The technology development I was comfortable with, but these ideas from ecology and evolution were largely new to me. But the Foster lab knows their ecology and evolution and I soon found myself immersed in a fascinating literature I barely knew existed. Theoretical ecology is by now a vast subject that goes back at least a hundred years, with some of the earliest experiments from the 1930s using microbes (albeit with the protist Paramecium, rather than bacteria)3.

Back to it: we had the potential technology, but which bacteria should we print? The obvious choice for a first project was E. coli. Not only is it a model organism but  strains naturally compete with each other using protein toxins called colicins. Also, thankfully, two postdoctoral researchers at the time, Despoina Mavridou and Diego Gonzalez, were working on a colicin tool box for the lab4. Studying toxin interactions also made sense because the phenotypes should be strong and clear: if cells are killed, they should simply disappear from view.

Based on this, the 3D printing method was optimised to handle bacteria and increase the pattern-fidelity. As is often the case, this took much longer than we thought. The challenge was getting a method that was reliable enough to print the intended patterns every time5.

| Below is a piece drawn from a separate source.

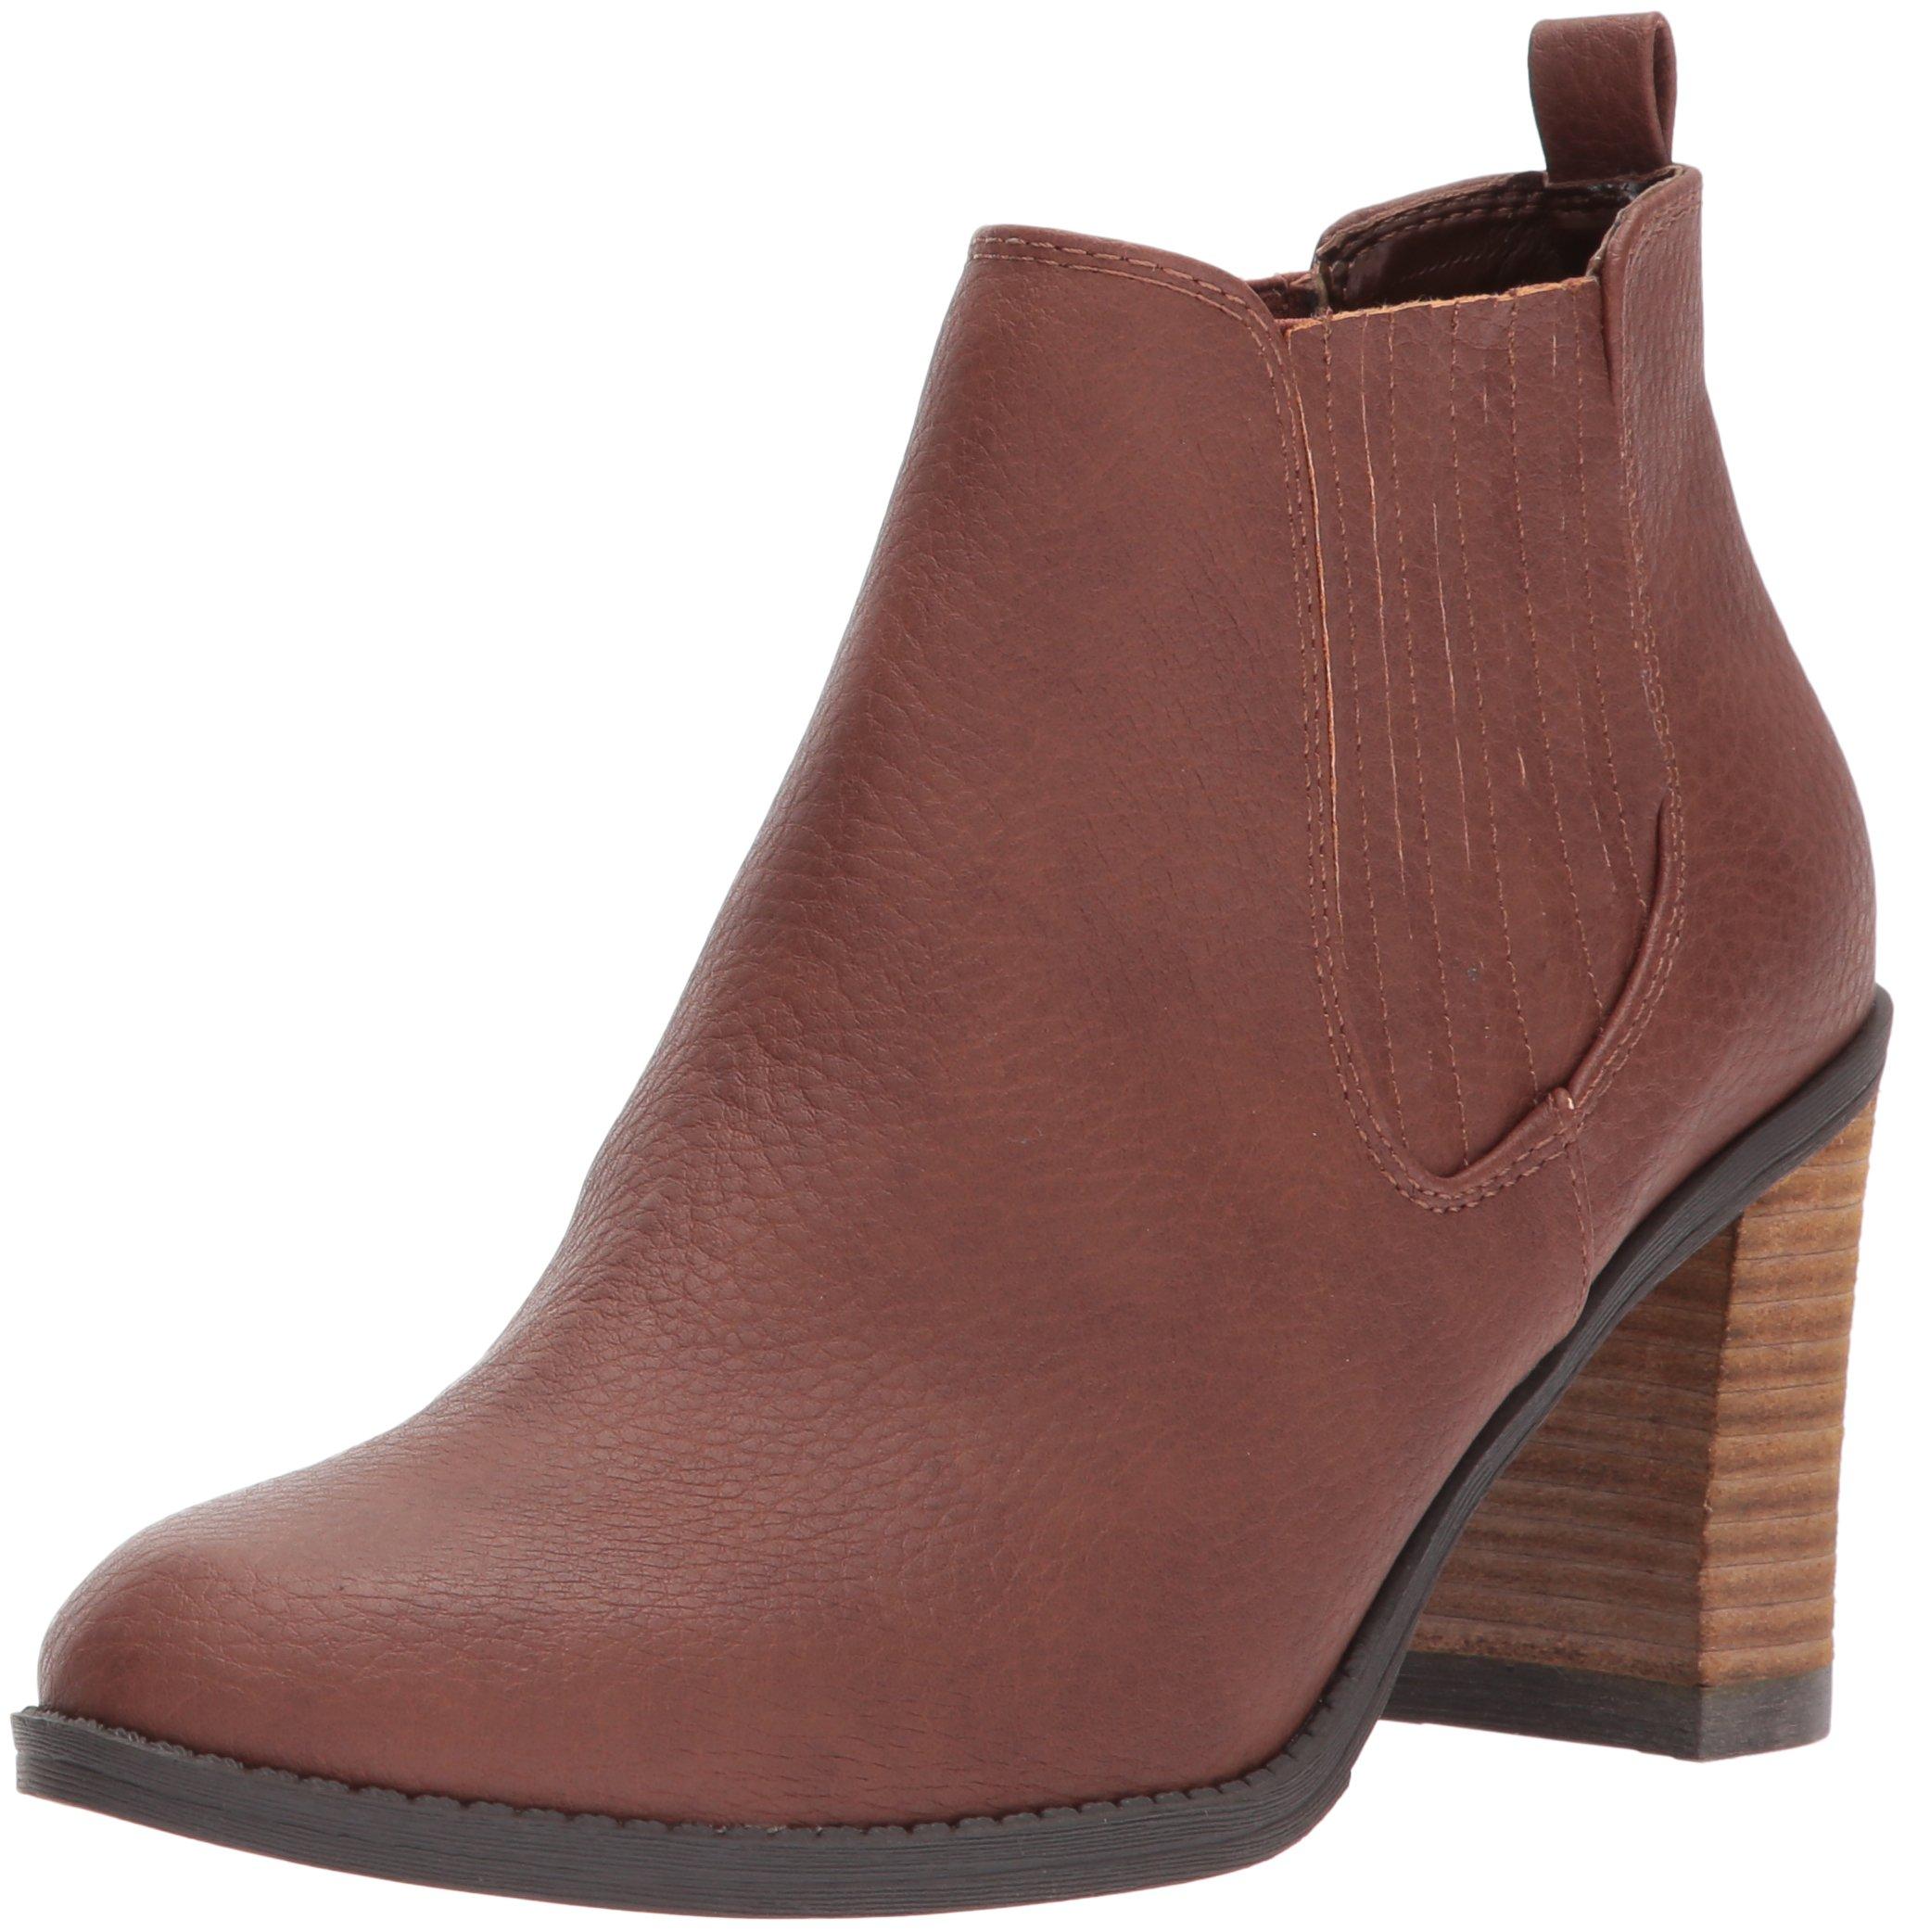 Dr. Scholl's Shoes Women's Launch Boot, Copper Brown, 6 M US

And then it was the big test, which was genuinely a bit of a gamble. It is important to remember how small the printed arrays are. Even when two strains are put side by side (so they are as separate as possible), the whole experiment is less than a millimetre across. By contrast, colicins can diffuse and kill across centimetre scales on agar plates. What we found amazing then is that these tiny, side-by-side prints were often sufficient to stop one strain killing the other. How could this happen? Well, it turns out dying cells mop up large numbers of colicin molecules as they go down, and this means that they protect cells behind them from the toxin. So the gamble paid off, and you can read more about micron-sized spatial structure and bacterial ecology here: https://doi.org/10.1038/s41467-021-20996-w

Crossing two normally disparate disciplines – ecology and 3D printing – was at times a challenge to say the least, but as I say, also a great journey. And I hope we have managed to offer something new for both fields, as well as in combination. Where to now? Well, we now want to print a whole range of strains and species so that we can build truly complex ecosystems on these tiny scales, and this is going well. Well, some bacteria, it turns out, die when you put them through the original printer, but with a bit of tweaking here and there, you are rewarded by happy cells popping out of the nozzle. As for myself, I still have not succeeded in getting back to what I initially intended to do. I find the miniature ecologies of bacteria fascinating, so I’m here to stay!

References 

  1. Villar, G., Graham, A. D. & Bayley, H. A tissue-like printed material. Science 340, 48–52 (2013).
  2. Nadell, C. D., Drescher, K. & Foster, K. R. Spatial structure, cooperation and competition in biofilms. Nat. Rev. Microbiol. 14, 589–600 (2016).
  3. Leslie, P. H. AN ANALYSIS OF THE DATA FOR SOME EXPERIMENTS CARRIED OUT BY GAUSE WITH POPULATIONS OF THE PROTOZOA, PARAMECIUM AURELIA AND PARAMECIUM CAUDATUM. Biometrika 44, 314–327 (1957)
  4. Mavridou, D. A. I., Gonzalez, D., Kim, W., West, S. A. & Foster, K. R. Bacteria use collective behavior to generate diverse combat strategies. Curr. Biol. 28, 345–355 (2018).
  5. Alcinesio, A. et al. Controlled packing and single-droplet resolution of 3D-printed functional synthetic tissues. Nat. Commun. 11, 2105 (2020).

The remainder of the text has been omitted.